Он поднял ее, но не опустил на постель, а бросил одеяло на пол и уложил драгоценную ношу у огня. Быстро сбросив куртку, жилет, сапоги и чулки, он остался в килте и рубашке. Отблески пламени играли на его голых ногах. Она отметила, какие у него мускулистые бедра, когда он опустился рядом с ней на колени и, приподняв ее, снова поцеловал. И в ней снова разгорался жар. Его ласки и поцелуи обжигали ей лицо, шею, плечи. Его губы спускались вниз в вырез декольте, язык ласкал ей груди, ладони обхватили затылок. Затем его руки стали спускаться ниже: он расстегивал на ней платье.

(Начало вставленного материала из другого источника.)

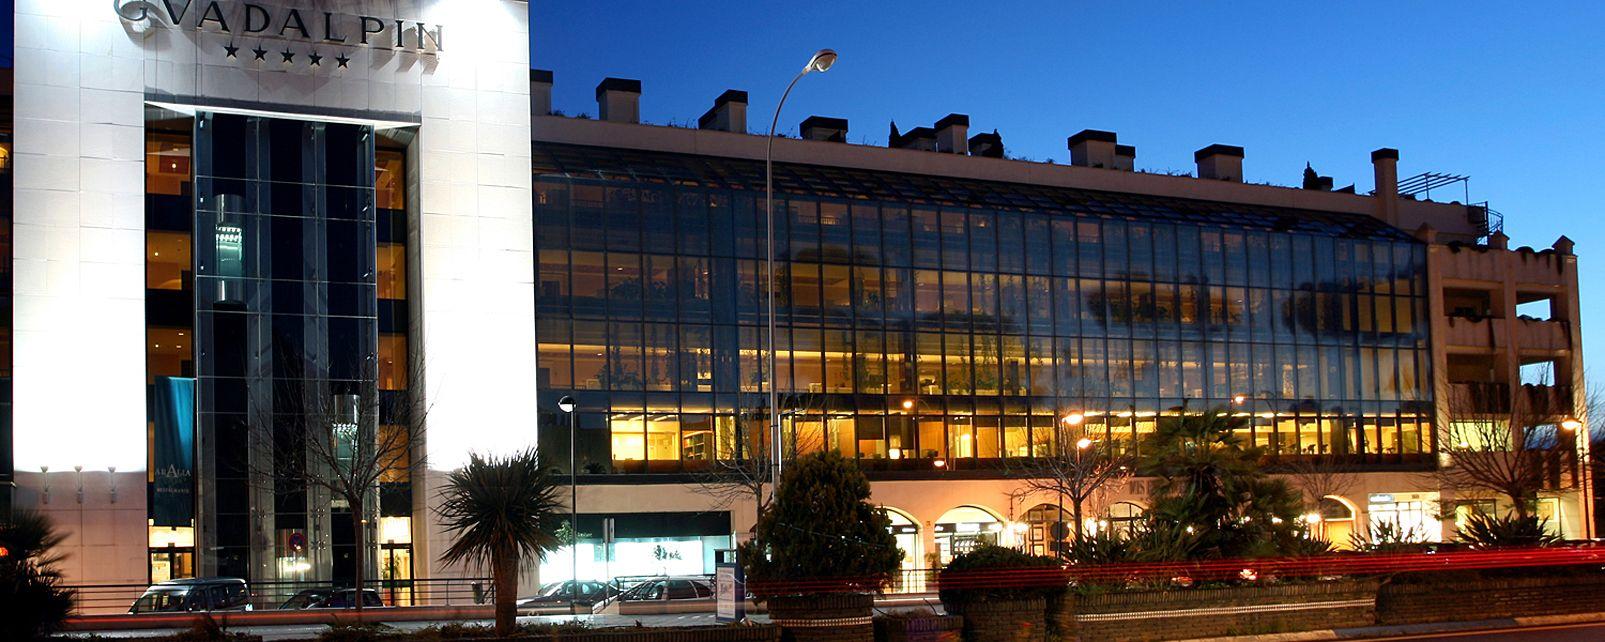 Hotel Gran Hotel Guadalpín Spa

Она тихо стонала, когда он целовал ее в чувствительные места за ушами. Спуская платье с плеч, он целовал ее ключицы, изгибы локтей, запястья. Бережно поворачивая ее, он стащил с нее платье. Снимая изящные туфельки с ее очаровательных ножек, он сквозь шелковые чулки целовал ее лодыжки, икры, ямки под коленями.
Она смотрела на него, широко распахнув глаза, не желая ничего пропустить, завороженная, ошеломленная его страстью. Неужели можно так сильно возбудиться от одного вида полураздетого женского тела? Его лицо раскраснелось. Иссиня-черные волосы, отросшие после приезда в Строун-Бридж, растрепались. Она запустила в них пальцы; волосы у него оказались мягкие, как шелк. Она притянула его к себе, желая ощутить его тяжесть, и жадно прильнула к нему губами. Его горячий рот как будто обжег ее.
– Грешить… – прошептала она, на миг отстраняясь. – Я хочу грешить.
Иннес рассмеялся, снова встал на колени, приподнял ее и принялся расшнуровывать на ней корсет. Его глаза в свете пламени казались темно-синими, почти черными, зрачки расширились. Рубашка распахнулась у ворота. Отблески пламени плясали на его груди; она видела, как играют его мышцы. Ей ужасно захотелось его потрогать. Пока он возился с ее корсетом, тихо ругаясь из-за того, что процесс отнимает много времени, она поспешно вытащила его рубашку из кожаного пояса и вздохнула от удовольствия, гладя ладонями его плоский живот. Ее обдало жаром.
Она наклонилась к нему и провела по его шее кончиком языка. Он хрипло застонал и отшвырнул наконец ее корсет в сторону. Она осталась в одних панталонах и чулках с ярко-розовыми подвязками, по цвету сочетавшимися с цветочками на ее платье. Иннес охватил ладонями ее груди, полюбовался ими, а потом жадно прильнул к ним губами. Он дразнил, ласкал, покусывал, гладил, словно опаляя ее жарким пламенем. Кровь у нее закипела, внутри все сжалось. Она бессильно упала на спину, а он продолжал целовать ее всю, ласкать ее тело. Загорелые сильные мужские руки нежно ласкали ее груди, гладили живот, наконец спустились ниже, снимая с нее остатки одежды. На фоне молочно-белой кожи выделялся треугольник рыжеватых волос.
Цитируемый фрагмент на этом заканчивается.